Standalone Pipeline for Motif Conservation Analysis of AdeJ and AdeB in Acinetobacter baumannii for Data_Tam_DNAseq_2025_E.hormaechei-adeABadeIJ_adeIJK_CM1_CM2_on_ATCC19606
ade_motif_pipeline_standalone.zip
Overview
This post documents a standalone sequence-analysis pipeline that I used to test whether residues in eight candidate motifs are conserved across AdeJ and AdeB homologs from Acinetobacter baumannii. The goal of the workflow is to move from raw sequence collection to a residue-level conservation assessment that can be reproduced from the command line without any hidden manual steps.
The analysis is organized around eight motifs:
- AdeJ:
DIKDY,DNYQFDSK,AIKIA,GNGQAS - AdeB:
DLSDY,QAYNFAIL,AIQLS,TSGTAE
The key idea of the pipeline is simple: first collect comparable AdeJ and AdeB proteins, then align them, calculate position-wise conservation scores, and finally map the predefined motifs onto the alignment-derived consensus sequence so that each motif can be interpreted residue by residue.
Complete workflow
1. Retrieval of AdeJ and AdeB protein sequences from NCBI
The first step retrieves AdeJ and AdeB protein sequences from the NCBI protein database using Biopython Entrez. AdeJ and AdeB are queried separately, because they represent distinct homolog groups and should not be mixed during downstream alignment.

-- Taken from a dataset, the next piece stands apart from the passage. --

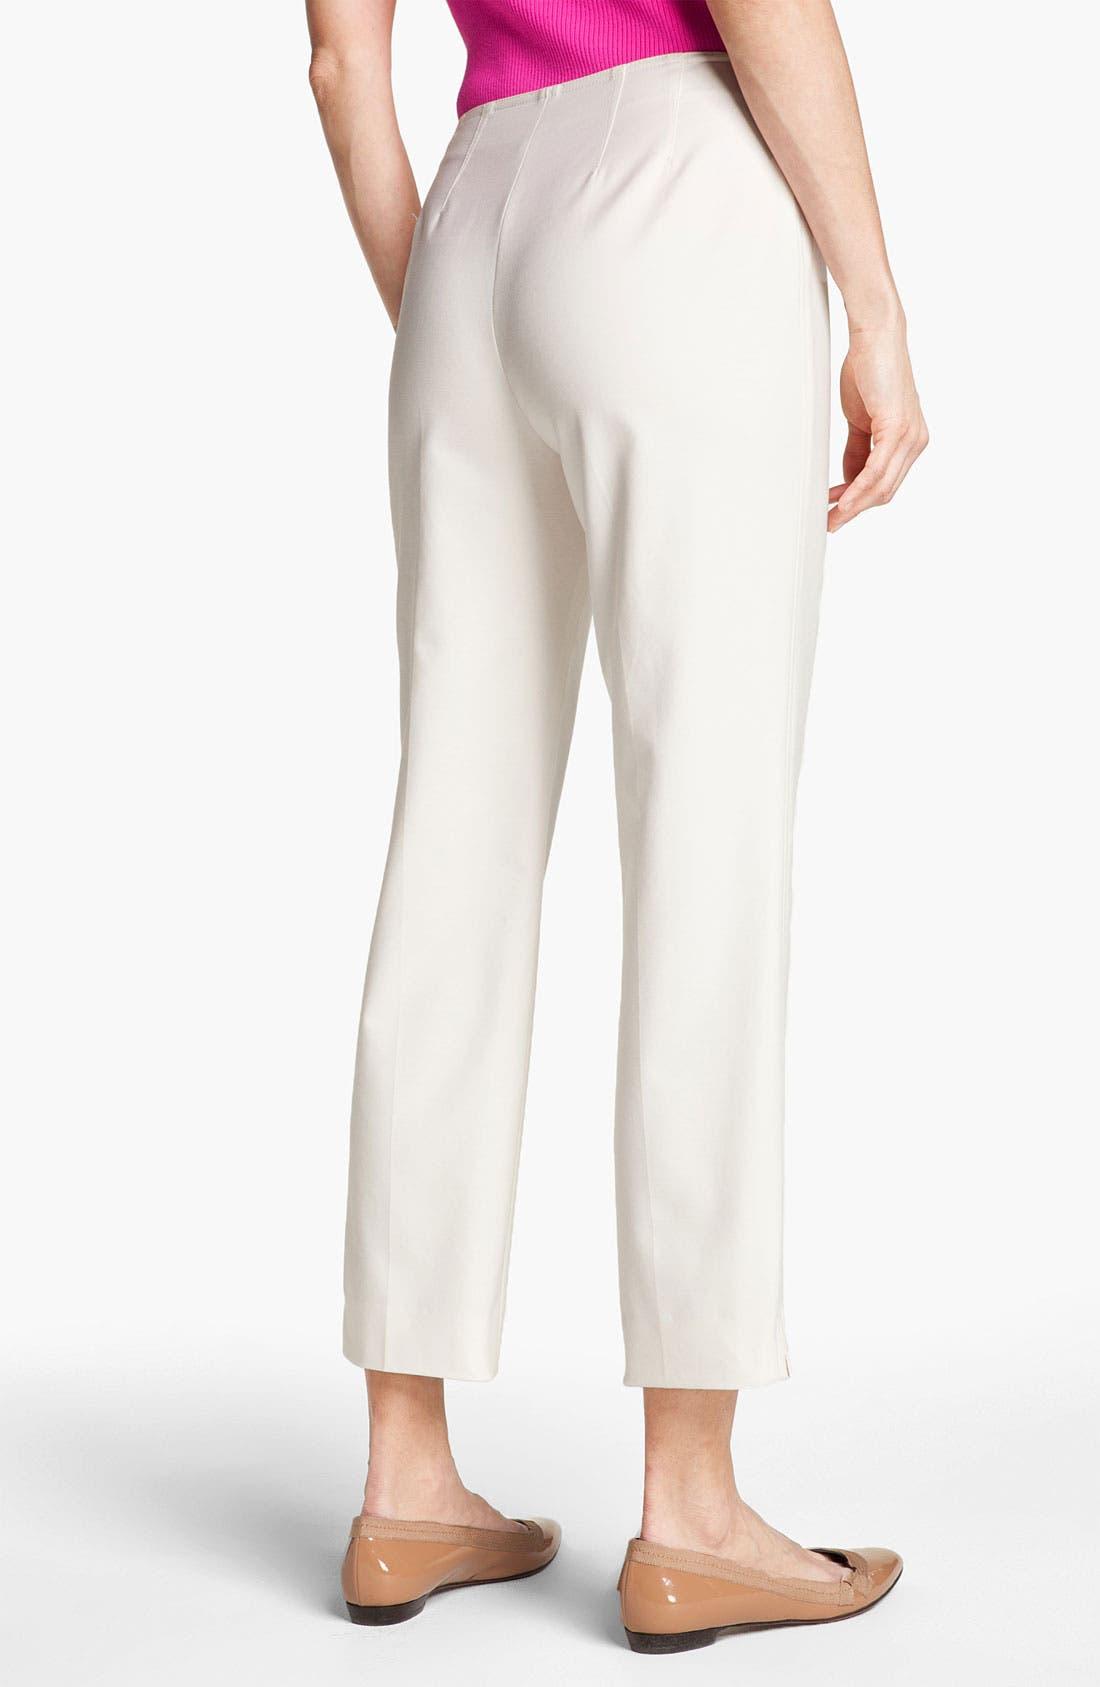 Alternate Image 2  - St. John Yellow Label 'Audrey' Double Weave Stretch Cotton Capri Pants
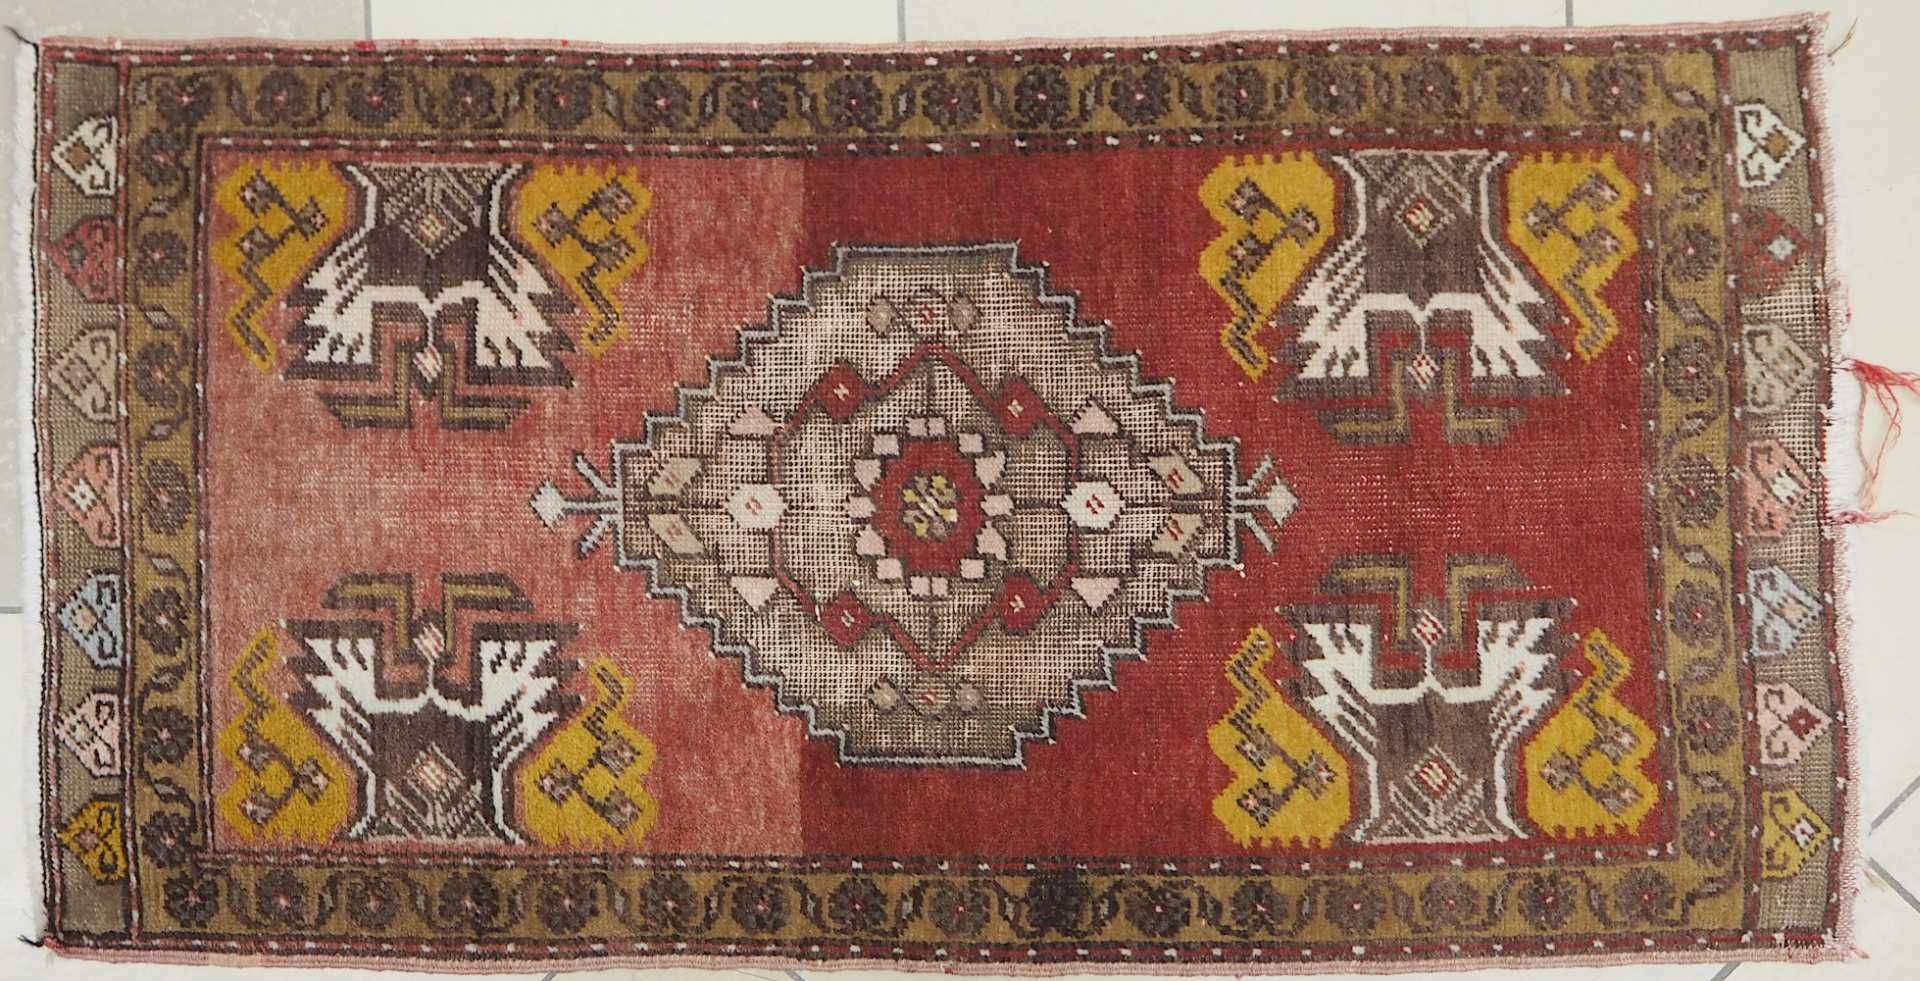 1 Konv. Teppiche 20. Jh.: Mittelfeld beigegrundig, Randbordüre rotgrundig, je florale - Bild 5 aus 7

A length restriction is applied during the NCBI search itself and then enforced again after download. This double filter is useful because it enriches for near full-length proteins and reduces the number of fragments, truncated annotations, or unusual entries that could distort the alignment.
In the standalone version of the pipeline, the following recommended length windows are used:
- AdeJ: 1000–1070 aa
- AdeB: 1000–1050 aa
The retrieval step produces:
adej_protein_sequences.filtered.fastaadeb_protein_sequences.filtered.fastaadej_filtered_out.tsvadeb_filtered_out.tsv
The TSV files record which sequences were excluded locally after download.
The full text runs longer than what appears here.